Here's a link to the article I wrote on the subject:  http://www.igougo.com/story-s132611...s_Making_the_Most_of_Your_Vacation_Money.html .


----------



## Luanne (Apr 2, 2010)

Carolinian said:


> UK train tickets are cheaper ahead of time, but make sure you do not use a US-based service like RailEurope, which will charge you more.  Buy them online from a site based in the UK.



I'd been checking Britrail.  I think that is based in the UK.  It's where we purchased dd's rail pass when she went to the UK last year.


----------



## Cotswolder (Apr 3, 2010)

Try either of these.

http://www.thetrainline.com

http://www.nationalrail.co.uk


----------



## Carolinian (Apr 4, 2010)

Luanne said:


> I'd been checking Britrail.  I think that is based in the UK.  It's where we purchased dd's rail pass when she went to the UK last year.



I was not familiar with that site, but in looking it up, it really pushes rail passes which are only availible to non-residents, so I would strongly suspect that it is not based in the UK.  If the site address ends in ''co.uk'' then it is a strong bet that it is in the UK, but if it ends in ''.com'' it may or may not be.


----------



## "Roger" (Apr 10, 2010)

As mentioned above, you can buy advanced rail tickets far more cheaply.  As Carolinian notes, British Rail appears to offer passes and they are an expensive alternative. If you are just taking the one train journey, better to just settle on a time.  (If it is a matter of taking the train the same day that you fly in, they have options that allow to take a different train if your plane is delayed that are at no extra cost.)

I have used the national rail site that Cotswolder links to.  They do have "anytime" ticket options, but you do pay a hefty price for that. (Sometimes I use the national rail site to first establish which of the British train lines goes to where I am thinking of going and then go to that train line's own site.  Sometimes you will see extra options pop up.)

Sometimes there are very good bargains on advanced first class tickets, but only in limited numbers. He who hesitates is lost. (Usually, tickets first become available twelve weeks in advance.)

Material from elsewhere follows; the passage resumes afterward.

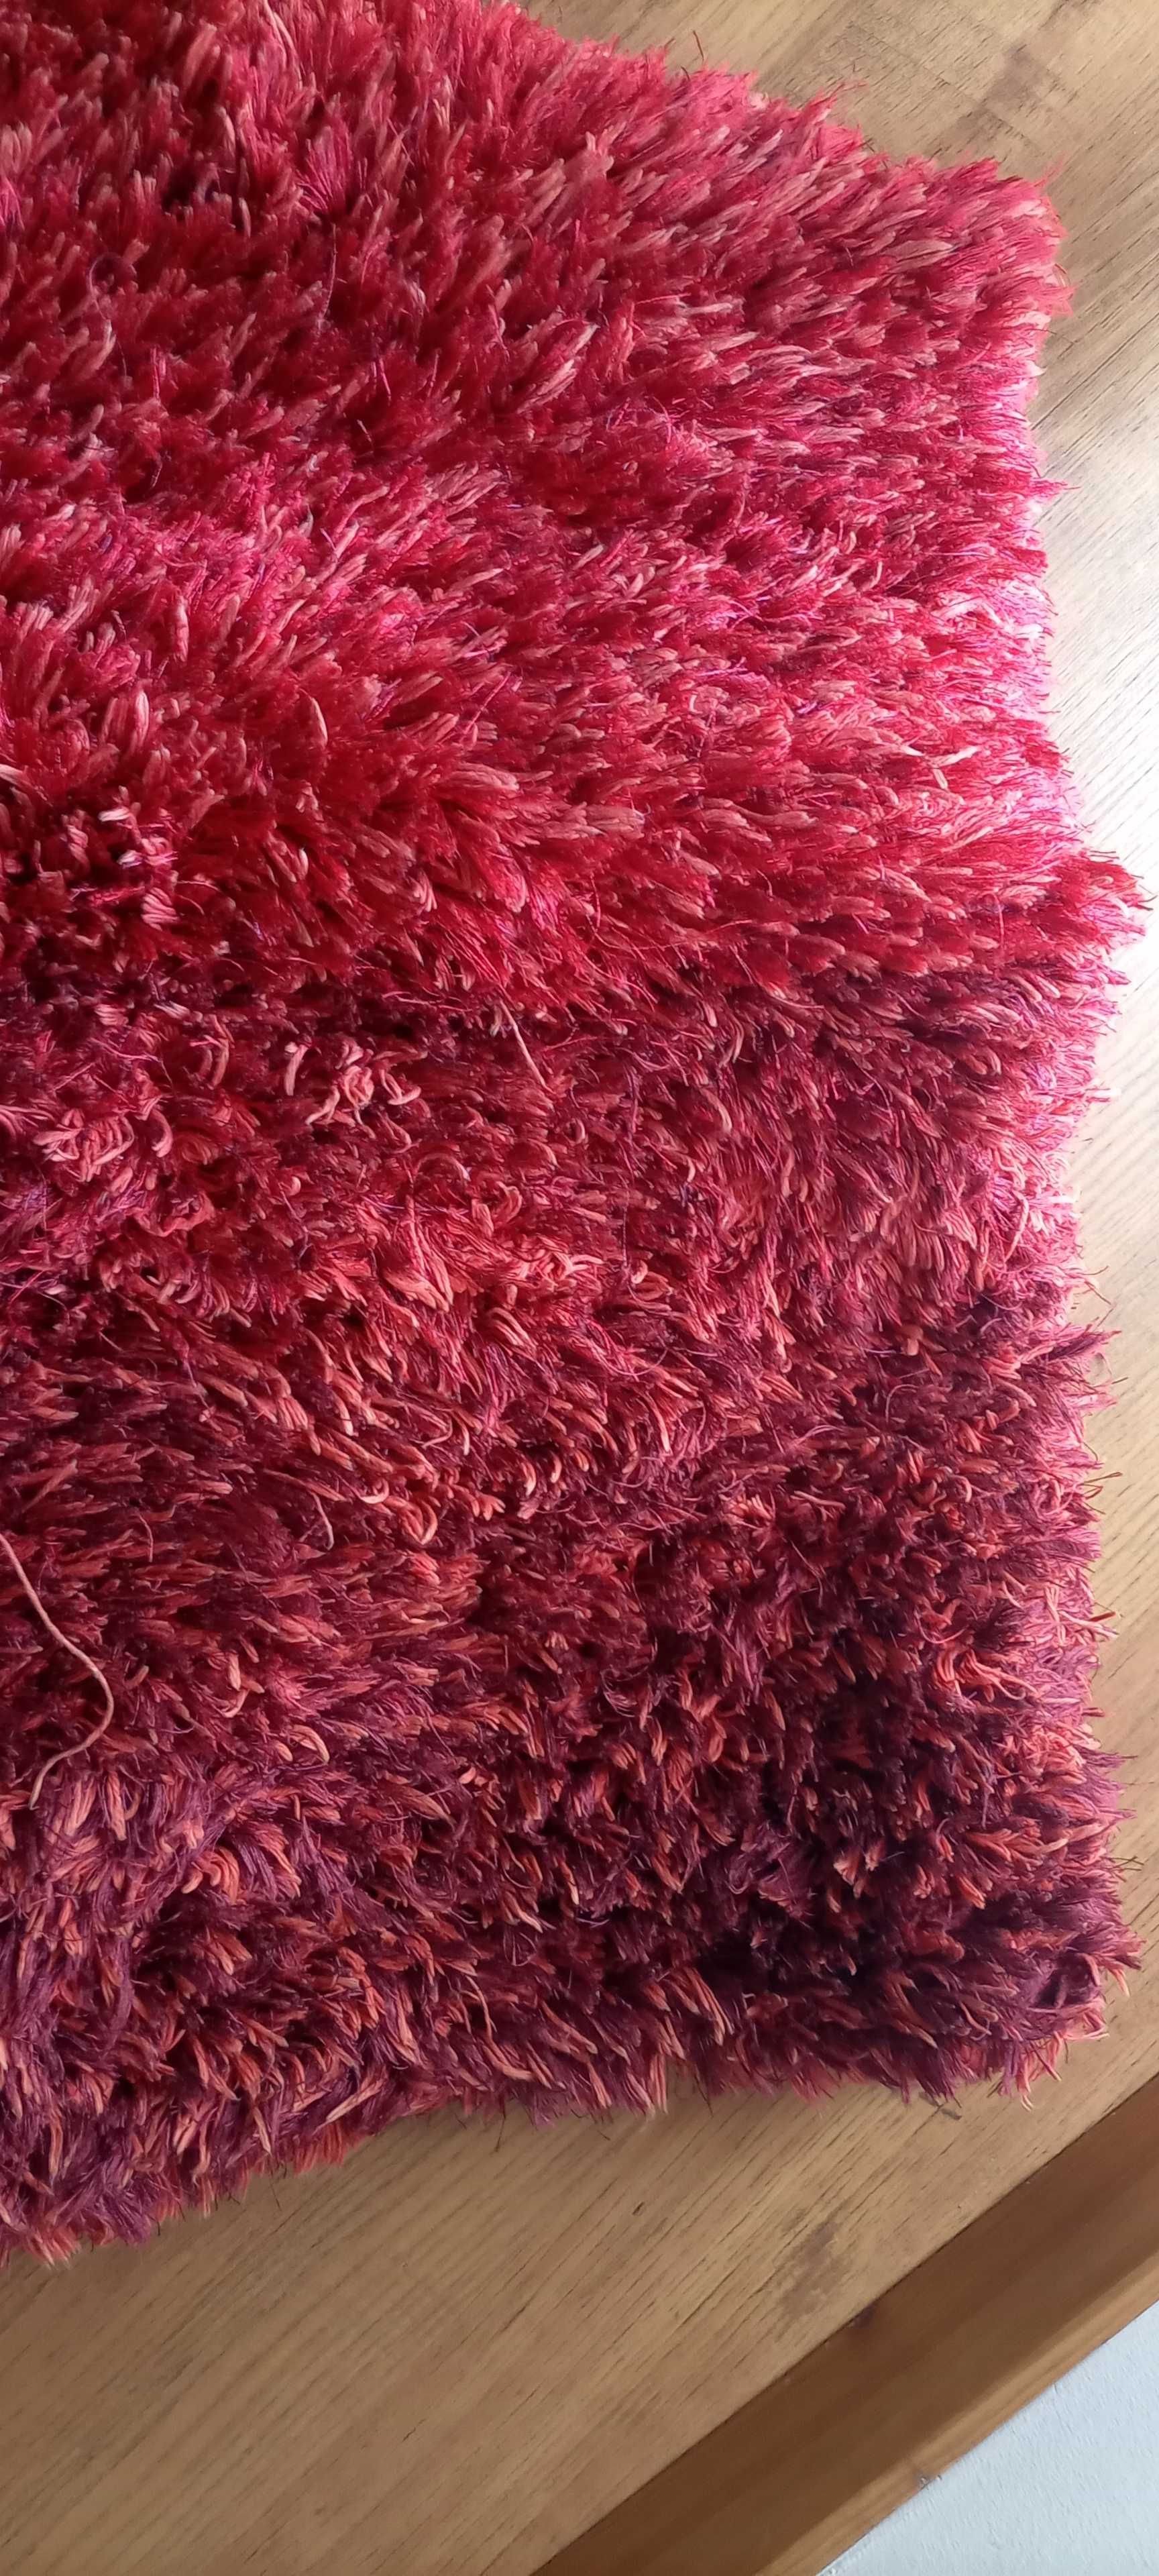 Tapete (carpete) vermelho escuro

Heritage is just one of a number organizations that offer passes to multiple sites.  There is also the National Trust and English Heritage.  Whether any of these passes are worth while depends upon where you are going and what happens to be in the area.  I tend to use National Trust and just decide that there sites are where I will go.  (They have wonderful country estates often with good lunch rooms on site.)  You need to look over the sites offered by any of these organizations and decide ahead of time if paying the pass is better than just paying individual entry fees.


----------